At least for one day, after years of milquetoast responses to financial depredations, the Securities and Exchange Commission finally can boast that it’s doing God’s work again.
Here’s the real beauty of the SEC’s settlement agreement yesterday with Goldman Sachs. The next time Goldman Chief Executive Officer Lloyd Blankfein goes on television and is asked by some reporter if Goldman committed securities fraud, as the SEC alleged, he won’t be allowed to say no.
He won’t be able to repeat any of the factually improbable denials Goldman issued just three months ago after the SEC sued it for ripping off a hapless German bank named IKB as part of a bond deal called Abacus 2007-AC1. He’ll just have to suck it up and take the hit. It’s “the right outcome for our firm, our shareholders and our clients,” as Goldman said in a press release after the settlement was disclosed.
More incredibly, the SEC even got Goldman to admit it made “a mistake,” which might be the strangest thing ever to happen on Wall Street. Next thing you know, Blankfein will grow wings for his trip to the heavens, and Goldman will surrender its charter as a bank-holding company to become a nonprofit center for religious studies.
State of Mind
So here’s where the case stands now. The SEC’s April 16 complaint accused Goldman of committing securities fraud with scienter, meaning with intent or knowledge of wrongdoing. Had it been so inclined, the SEC could have filed an amended complaint accusing Goldman of a less serious offense instead, rather than fraud, as part of its settlement with the bank. The commission didn’t do that, though.
While Goldman isn’t admitting the SEC’s fraud allegations, it isn’t denying them either, because it’s prohibited from doing so under the settlement terms. Oh yes, and Goldman will have to pay $550 million, much of which will go to the investors Goldman allegedly fleeced.
What a difference a few months makes. Back on April 16, after the SEC filed its suit, Goldman issued a press release wailing that “the SEC’s charges are completely unfounded in law and fact, and we will vigorously contest them and defend the firm and its reputation.” Looking back, it seems Goldman made a typographical error by omitting a few words at the end of that sentence: “until July 15.”
Designed to Fail
For those who have forgotten the details, the SEC’s lawsuit accused Goldman and a vice president, Fabrice Tourre, of making false and misleading statements to investors about a synthetic collateralized debt obligation that was designed to fail. The SEC said the firm’s main offense was telling IKB that a company called ACA Management had selected the portfolio of mortgage- related investments underlying the deal, when actually the selection process was heavily influenced by Paulson & Co., a hedge fund that later made $1 billion shorting Abacus.

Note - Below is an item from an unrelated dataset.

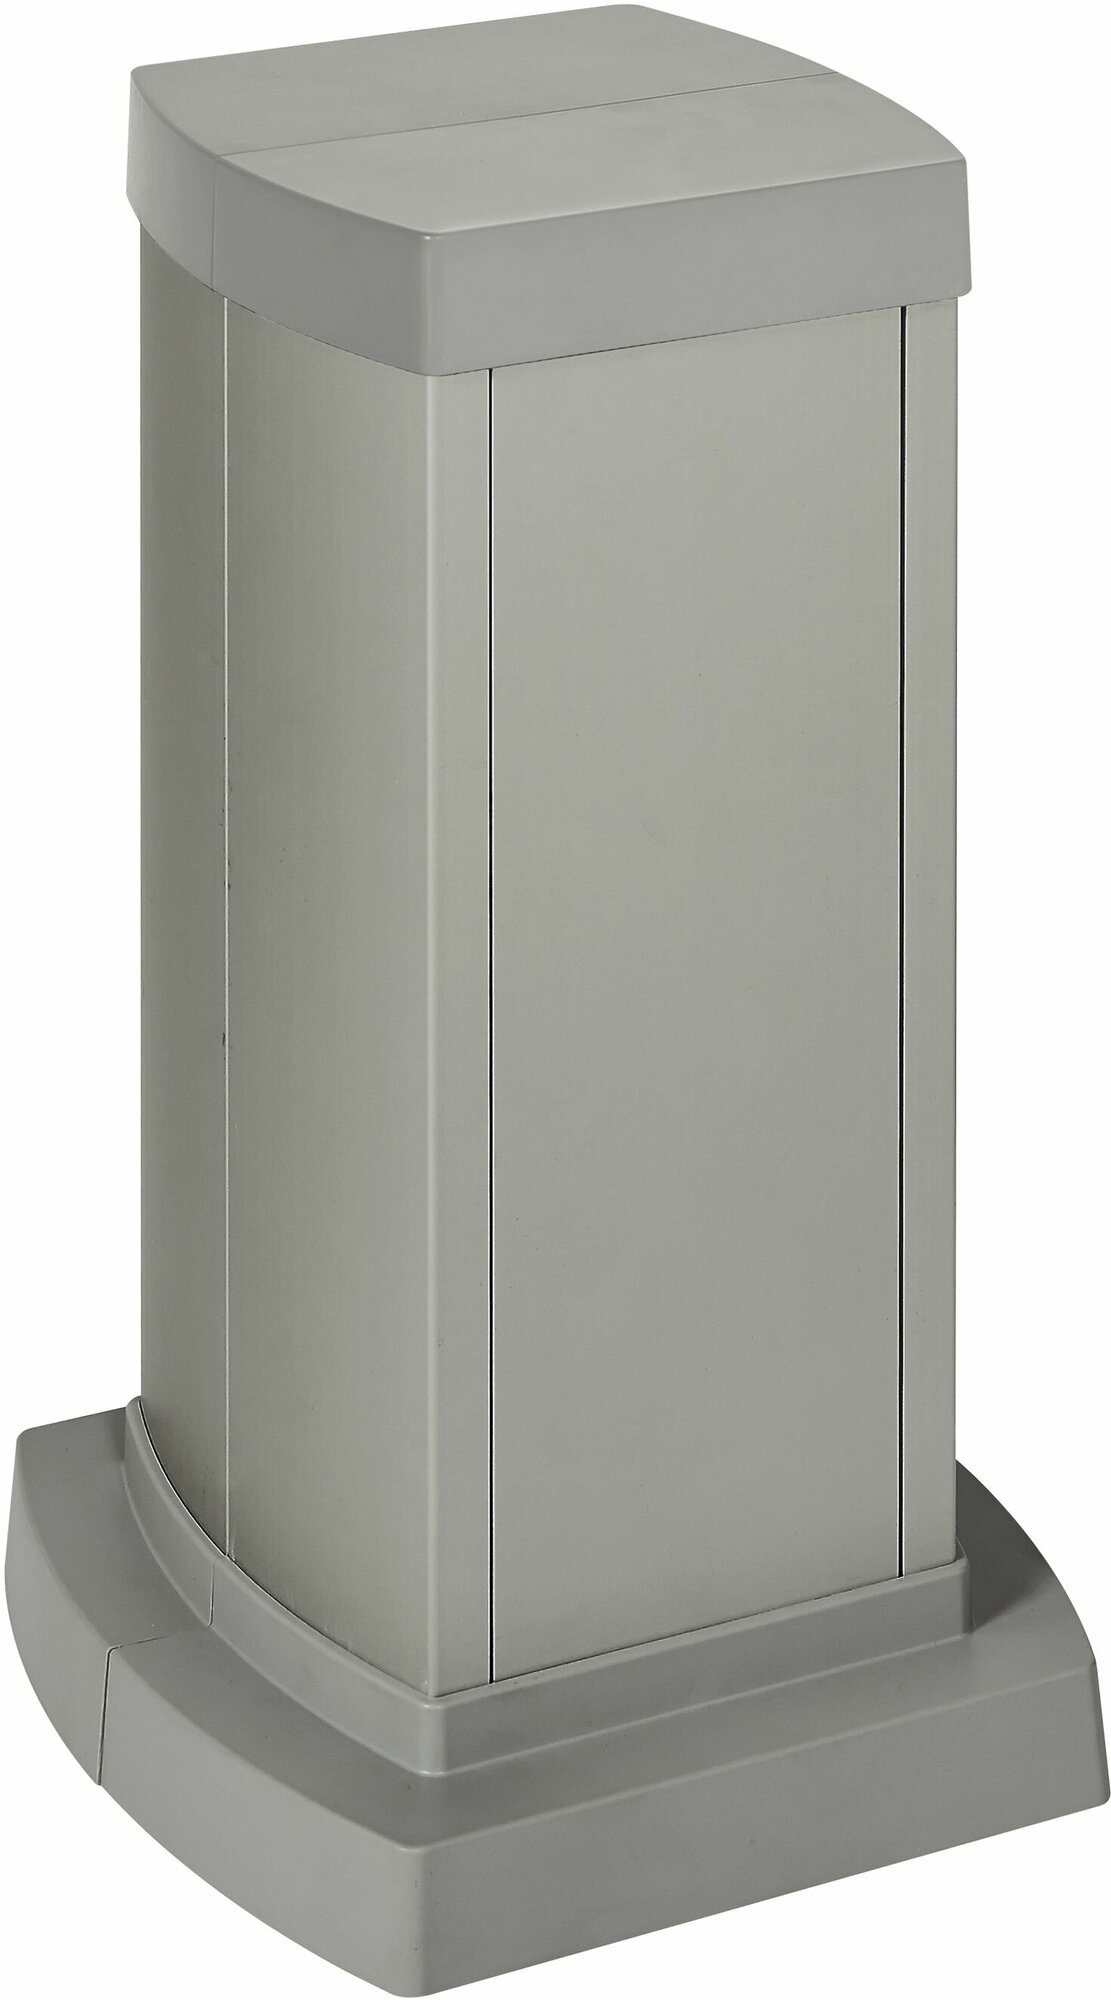 Универсальная мини-колонна алюминиевая с крышкой из алюминия 2 секции, высота 0,3 метра. Алюминий. Legrand 653121

Back in April, Goldman insisted that ACA “selected the portfolio,” just as its sales materials said.
Now, as part of the settlement, Goldman has admitted “it was a mistake for the Goldman marketing materials” to omit “the role of Paulson & Co. Inc. in the portfolio selection process and that Paulson’s economic interests were adverse” to the bond’s investors. The consent decree added: “Goldman regrets that the marketing materials did not contain that disclosure.”
So all that stuff Goldman told the public in its defense a few months ago was just PR bluster. As for Tourre, who has denied the SEC’s allegations, he still hasn’t settled, and now Goldman has agreed to cooperate with the SEC in its case against him. He should have paid closer attention to my colleague Michael Lewis’s column two years ago on how to save your skin in a Wall Street massacre.
Rule No. 1: Betray your employer before your employer betrays you.
We can only hope all this will prove to be a humbling experience for Goldman, though that may be wishful thinking. The SEC accord, if approved by a federal judge, mandates new internal bureaucratic hoops for Goldman’s mortgage department to jump through before issuing mortgage securities in the future. Each person involved in structuring or marketing mortgage bonds will be required to attend training seminars on how to comply with the federal securities laws. (Talk about humiliating.)
Hear No Evil
What remains to be seen is whether Blankfein and the rest of Goldman’s bosses can pull off this settlement while at the same time saving face. Just 11 weeks ago, Blankfein was asked during a daylong Senate hearing on Abacus and other Goldman deals if he had any “legal, ethical or reputational” concerns about any of the activities undertaken by Goldman employees. “I heard nothing today that makes me think anything went wrong,” Blankfein said.
It’s hard to imagine Blankfein believed that then. It may take a miracle for the public to accept anything he says at face value now. That’s a heck of a liability for a company whose most valuable asset is supposed to be trust.
(Jonathan Weil is a Bloomberg News columnist. The opinions expressed are his own.)